The SDKs generally reuse their persistence enumerations in both store and delete operations. In the case of delete, PersistTo is perhaps more accurately thought of as RemoveFrom.

It is important to use durability requirements with care if your application is in need of the peak scale. With much of Couchbase Server's performance being dependent on its heavy use of cache, blocking disk writes will obviously introduce latency. Generally speaking, it's best to use durability requirements only when absolutely necessary. It is more important to enable replication in your cluster.

Summary

In this chapter, we explored the Couchbase Server key/value API in detail. You saw that Couchbase supports the basic CRUD operations you'd expect of a database system, whether relational or nonrelational. We examined operations that are unique to Couchbase, for example, append and prepend operations can be used to store data, while increment and decrement operations can be used to modify a key's value.

You learned how Couchbase supports both pessimistic and optimistic locking as well as basic strategies to use both. We explored the ability to use durability checks and asynchronous methods to tweak the performance of our application. Most importantly, we got a taste of a few of the client SDKs and how they perform the various operations.

At this point, we've explored about 98 percent of the Couchbase key/value API. There are a few other legacy methods that you might encounter, depending on your SDK; for example, the flush operation is used to remove all records from a bucket. The key/value version of this method has been deprecated in favor of the cluster API version, which is performed over HTTP. However, you might find this method still accessible, given the backward compatibility with Memcached.

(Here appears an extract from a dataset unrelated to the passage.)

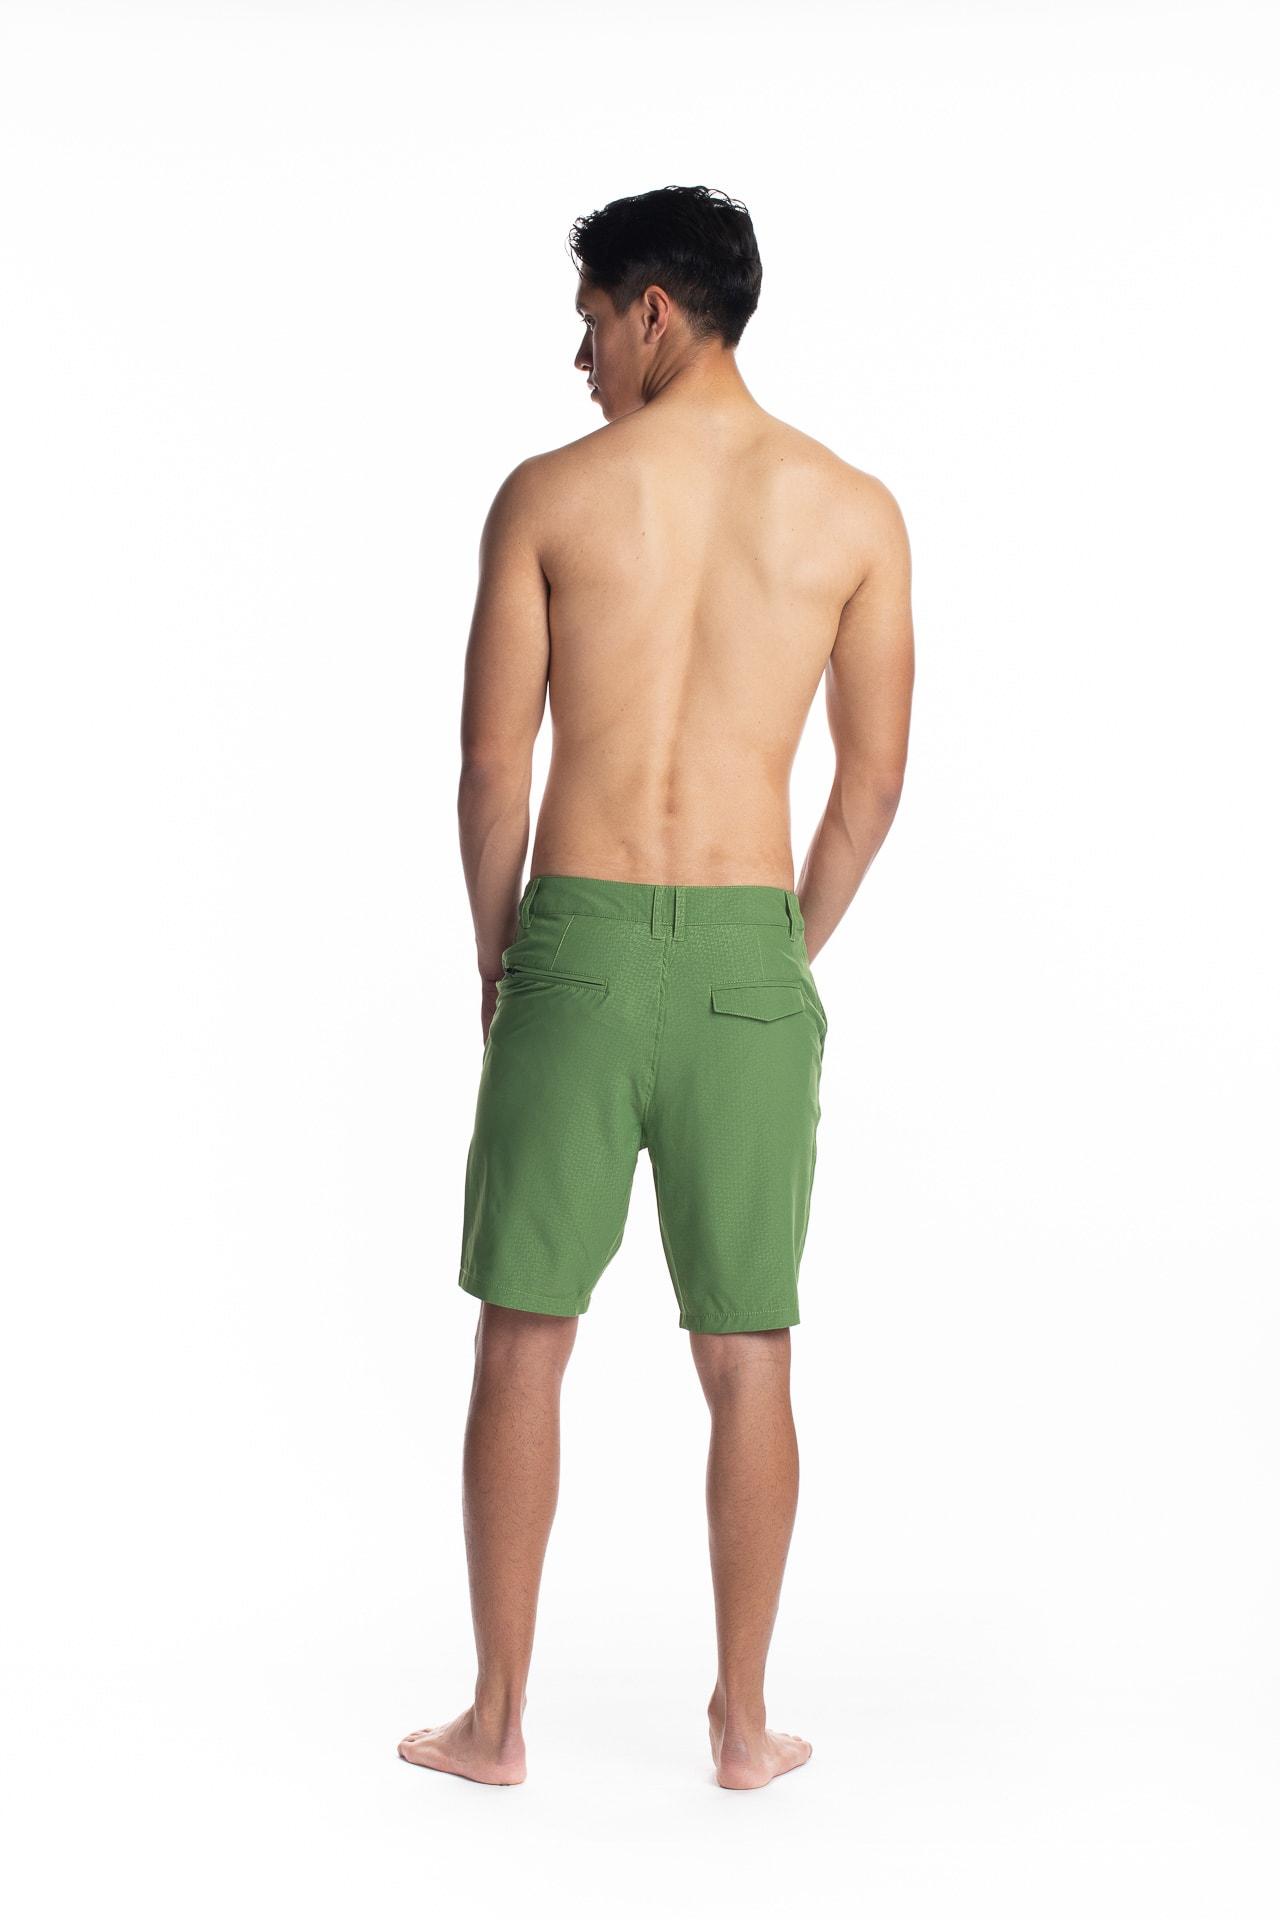 Male model wearing 4-way Stretch in Green Niau - Back View

Though we omitted 2 percent of the available key/value operations in this chapter, 98 percent of the methods we looked at should cover 100 percent of your key/value requirements. Moreover, the design of your application may reveal that the basic CRUD operations and CAS are sufficient to meet your requirements.

In the next chapter, we're going to start exploring the document capabilities of Couchbase Server. As we do, you'll learn how it complements the key/value API you just learned about.